── EXERCISE DATA ──

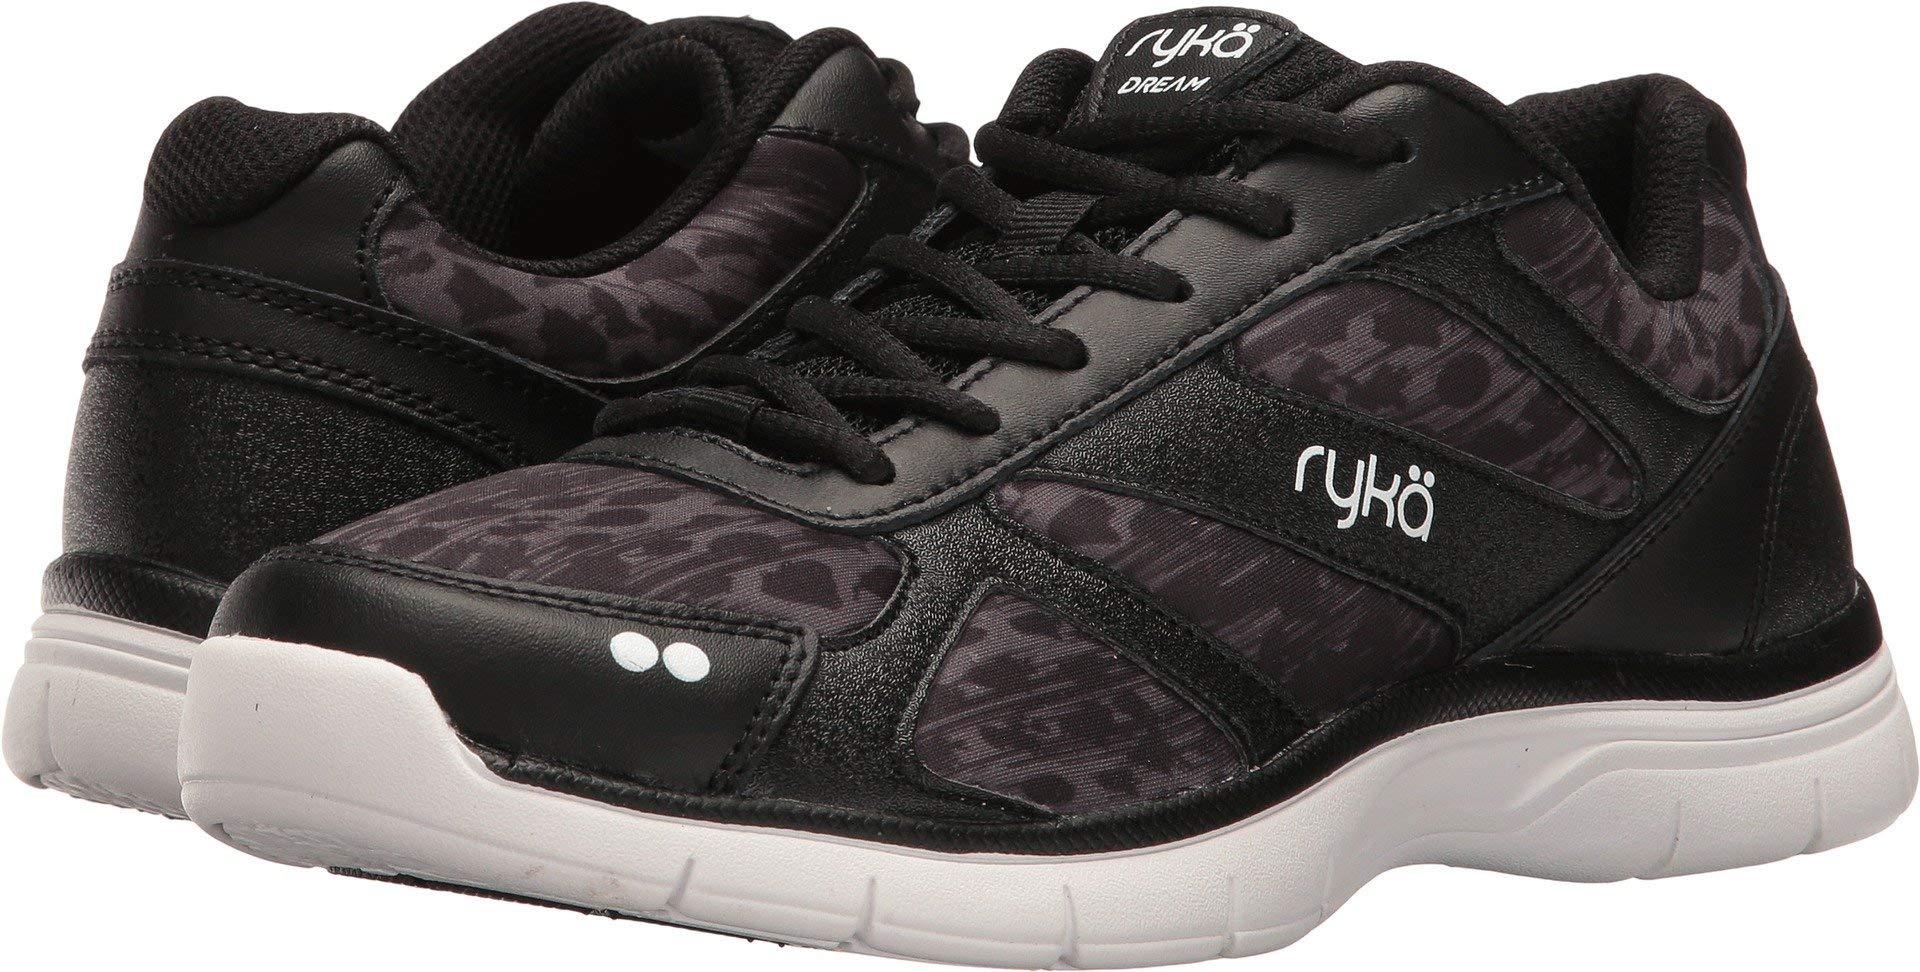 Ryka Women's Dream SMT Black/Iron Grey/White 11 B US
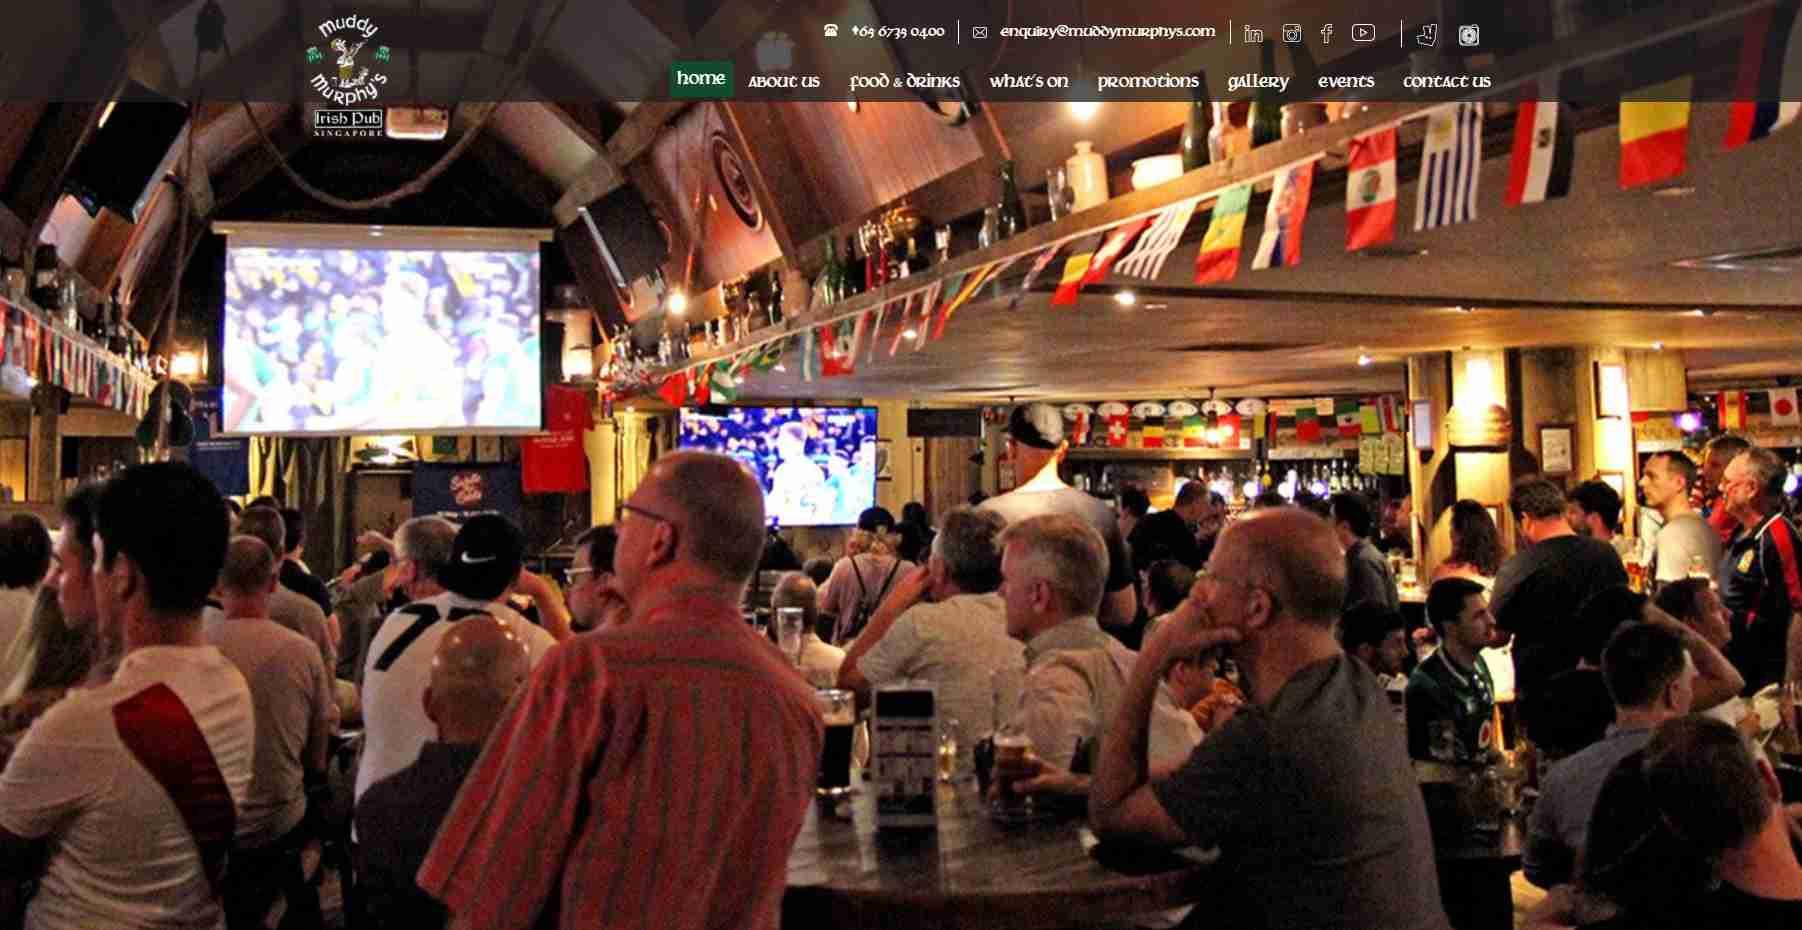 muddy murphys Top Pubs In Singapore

───
── EXERCISE DATA ──

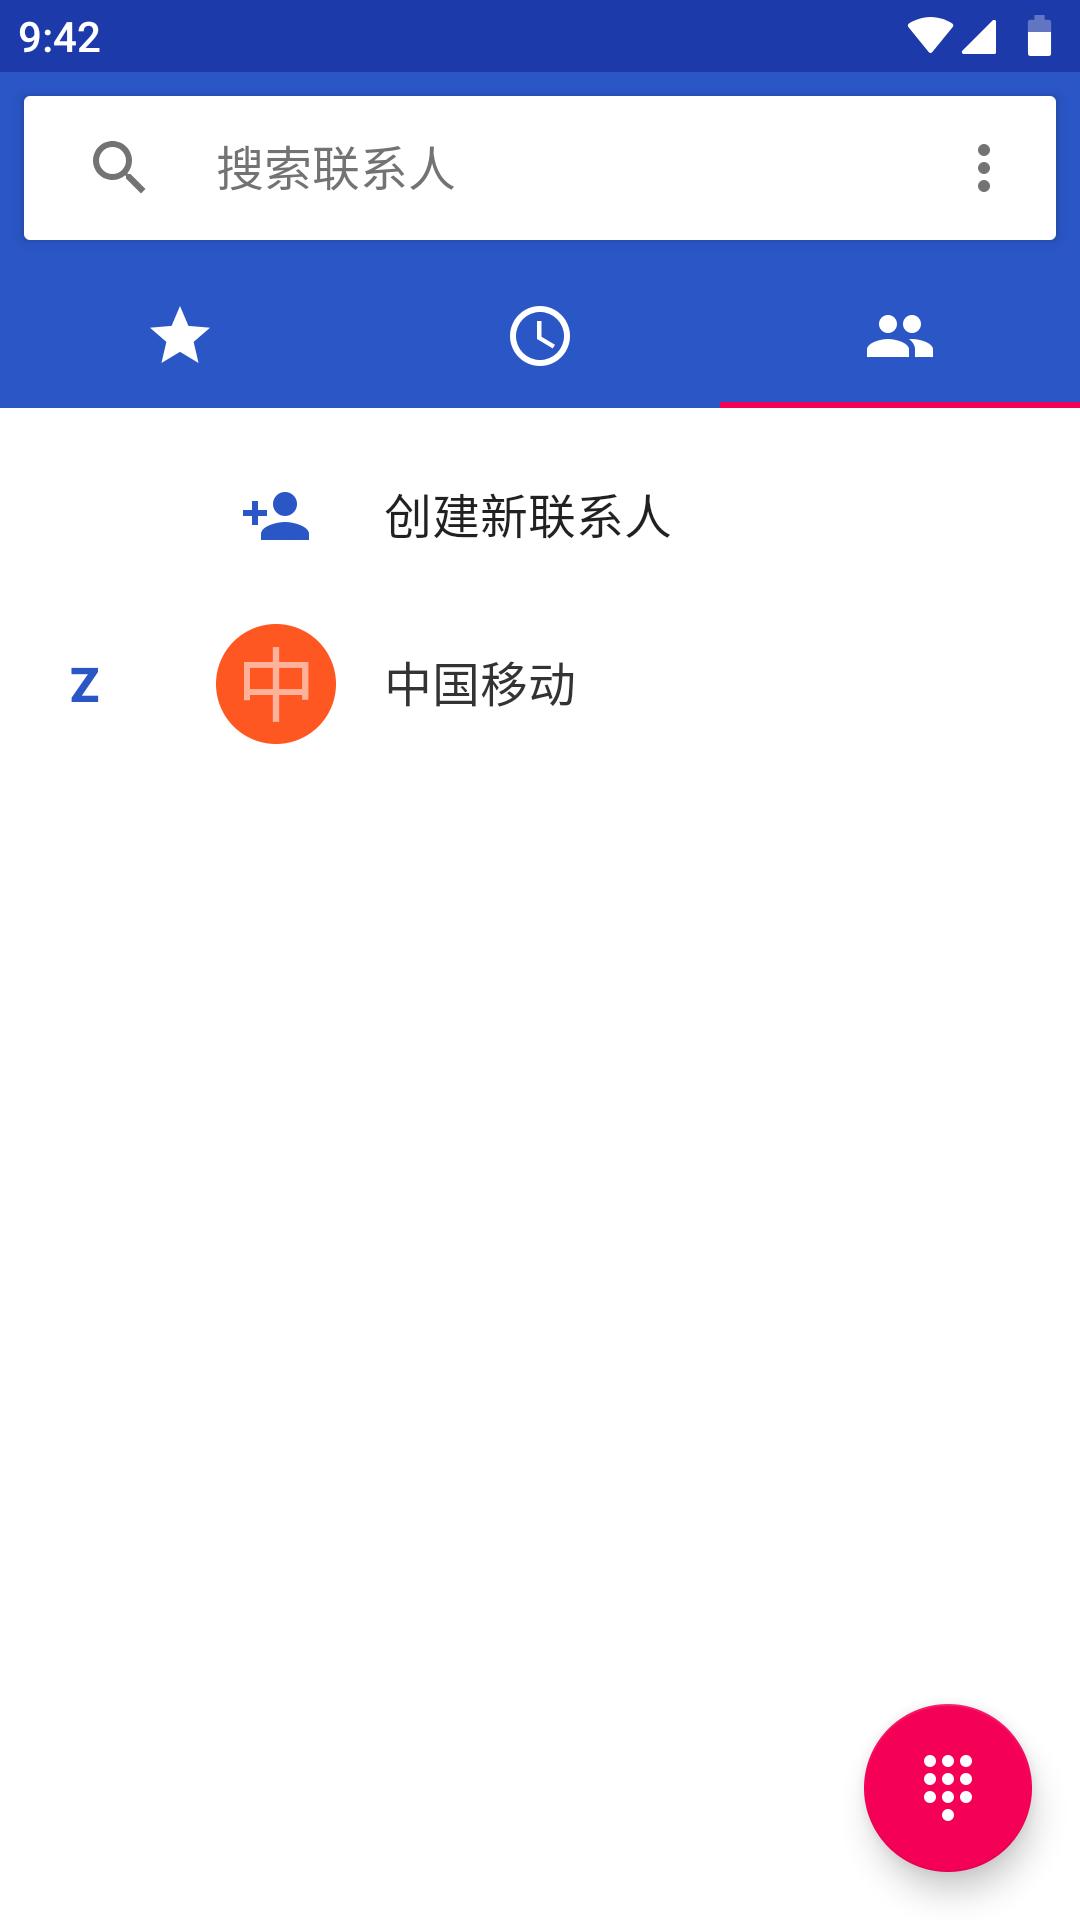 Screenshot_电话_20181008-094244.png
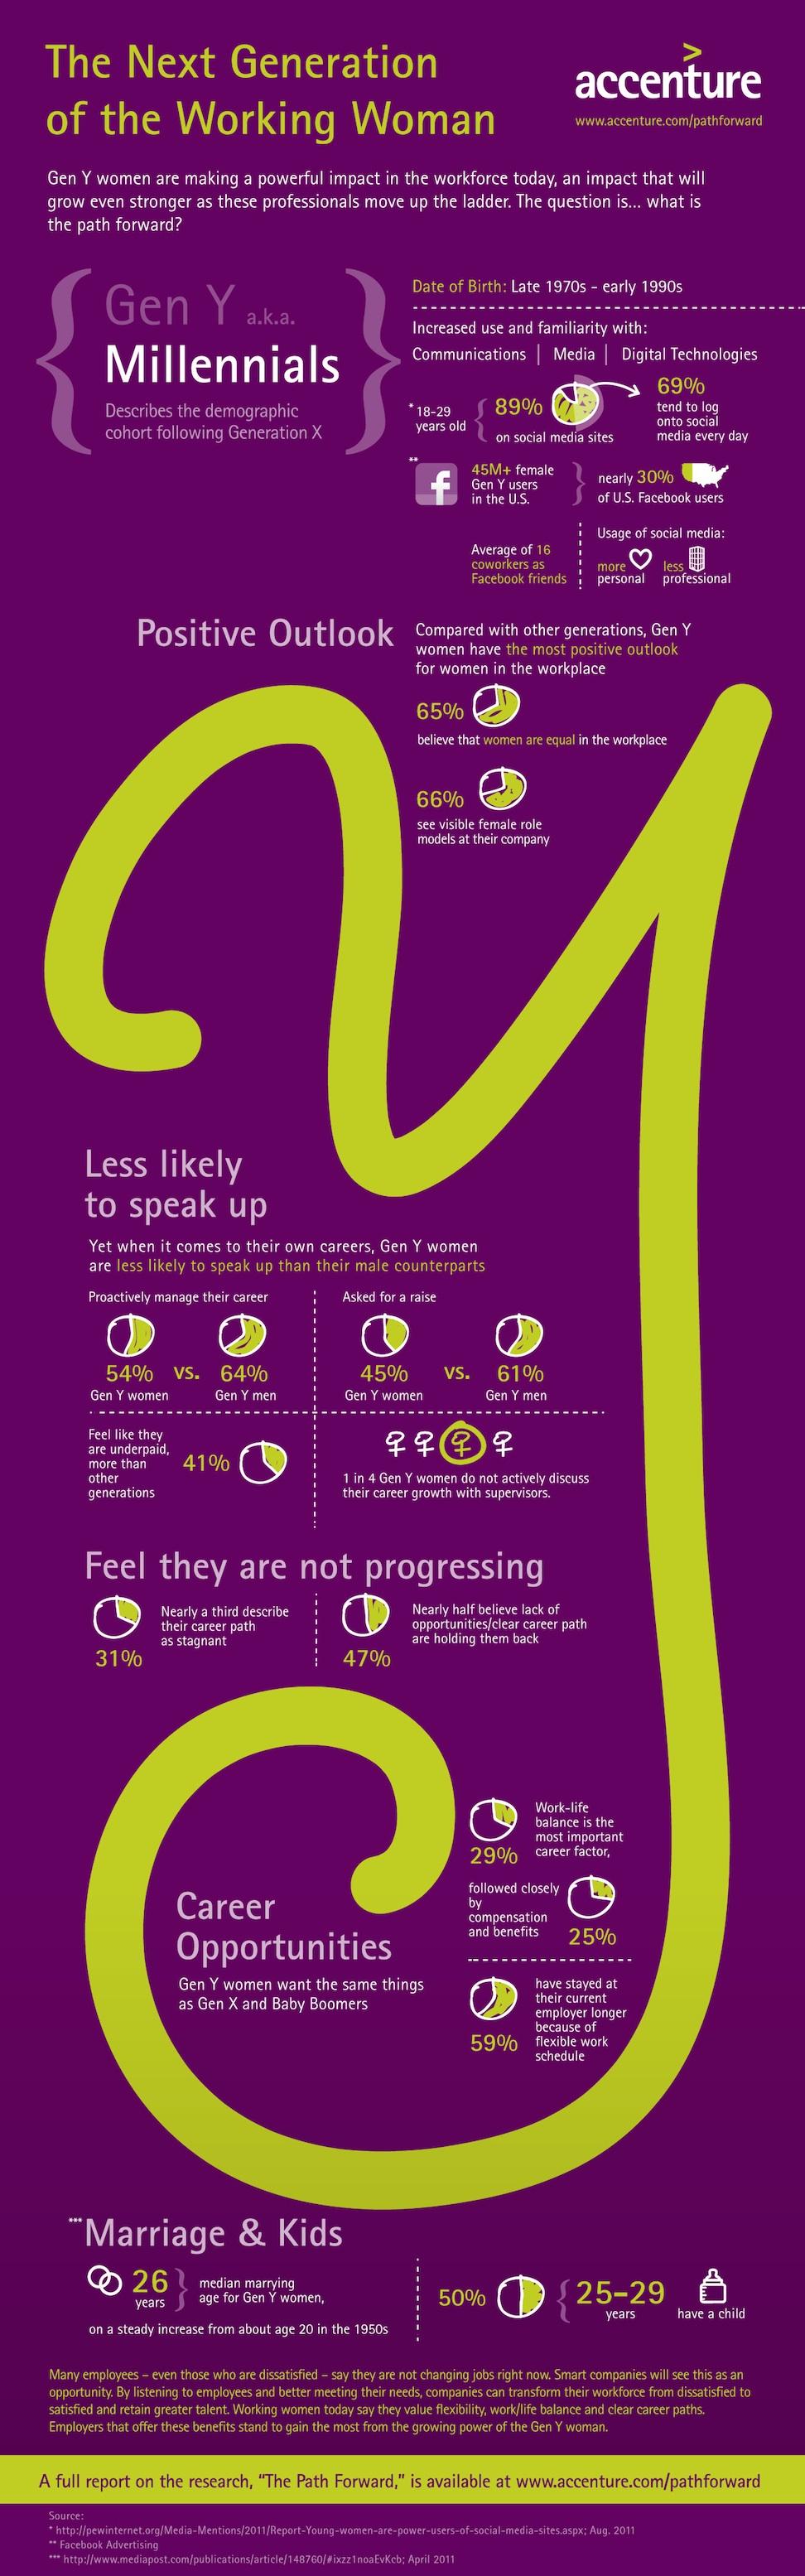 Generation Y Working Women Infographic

───
── EXERCISE DATA ──

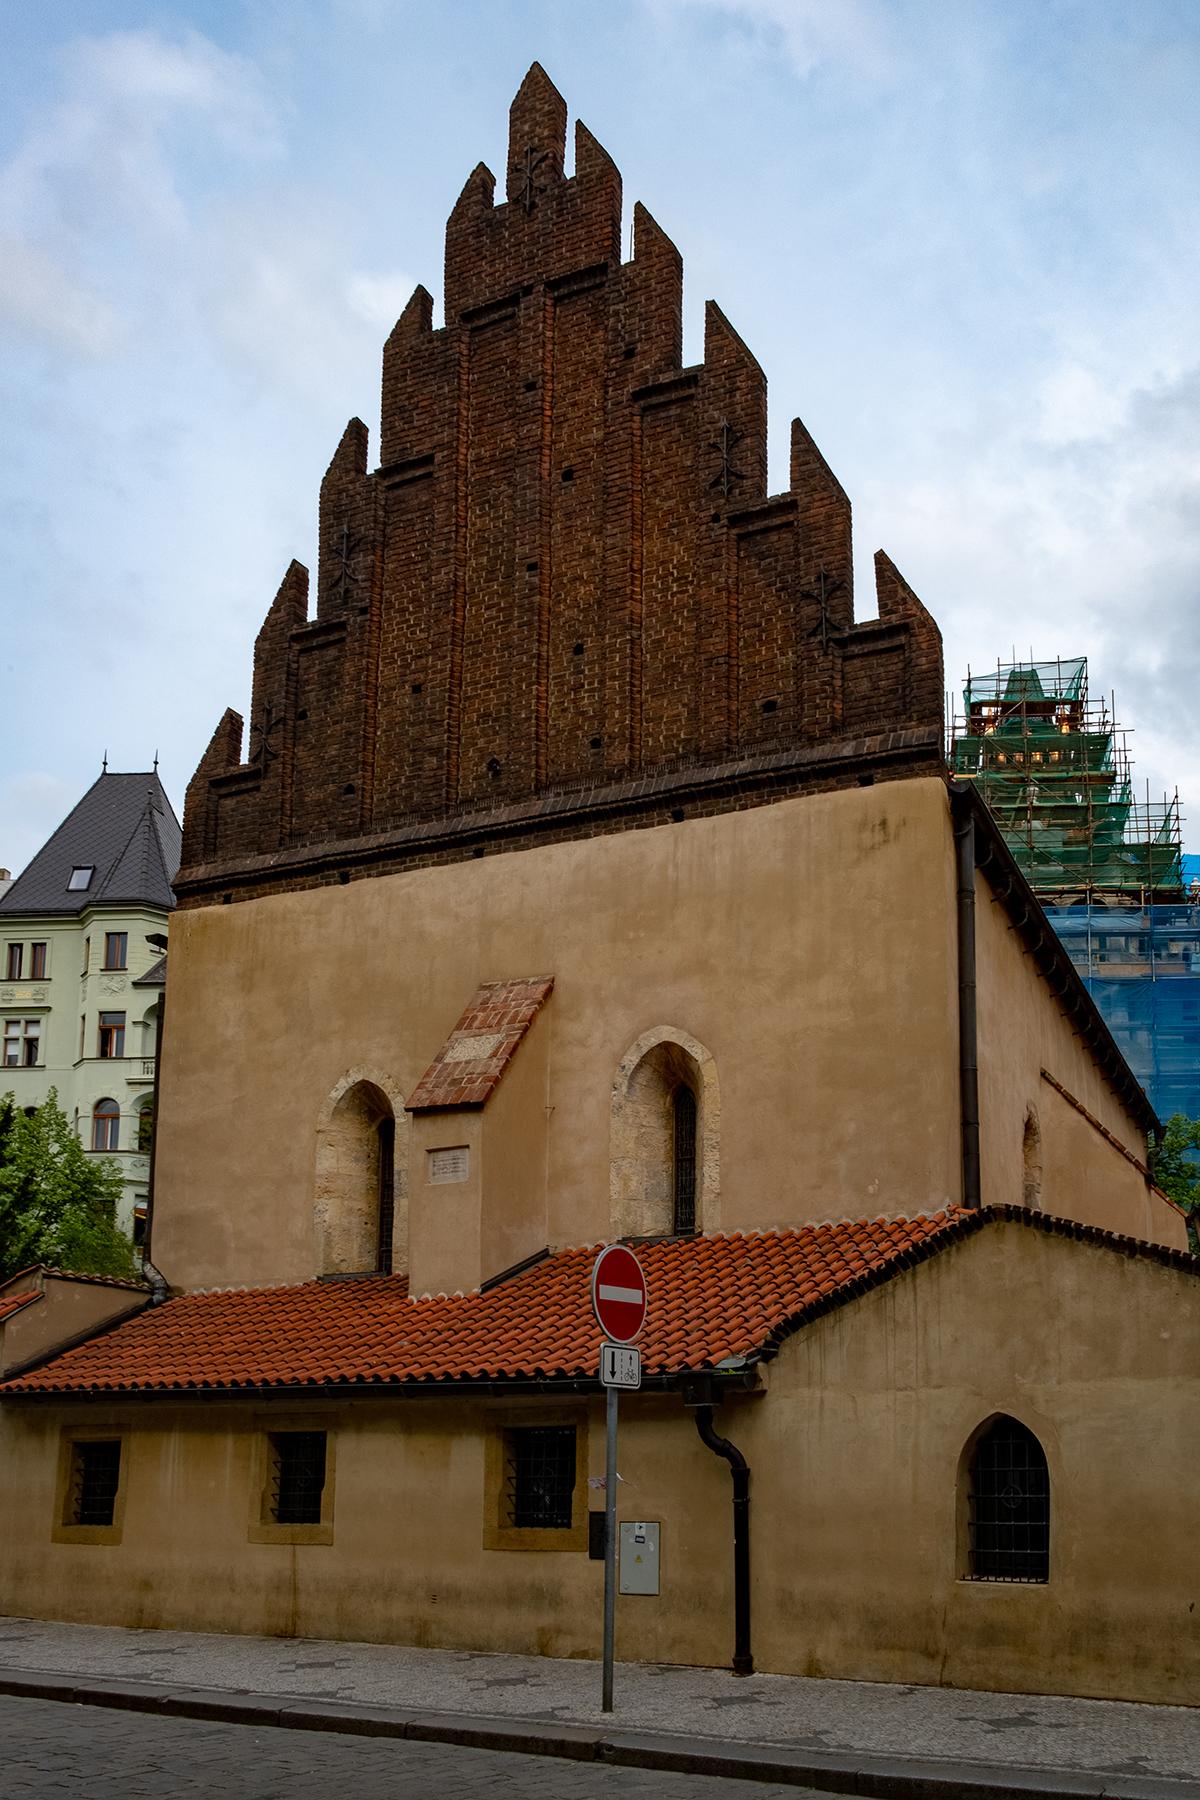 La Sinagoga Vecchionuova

───

* **BRIEF**
Write out exactly the lines above between the one with "Ryka Women's Dream" and the one with "muddy murphys Top Pubs In Singapore", inclusive, with pictures left out.

* **ANSWER SECTION**
 Ryka Women's Dream SMT Black/Iron Grey/White 11 B US
 muddy murphys Top Pubs In Singapore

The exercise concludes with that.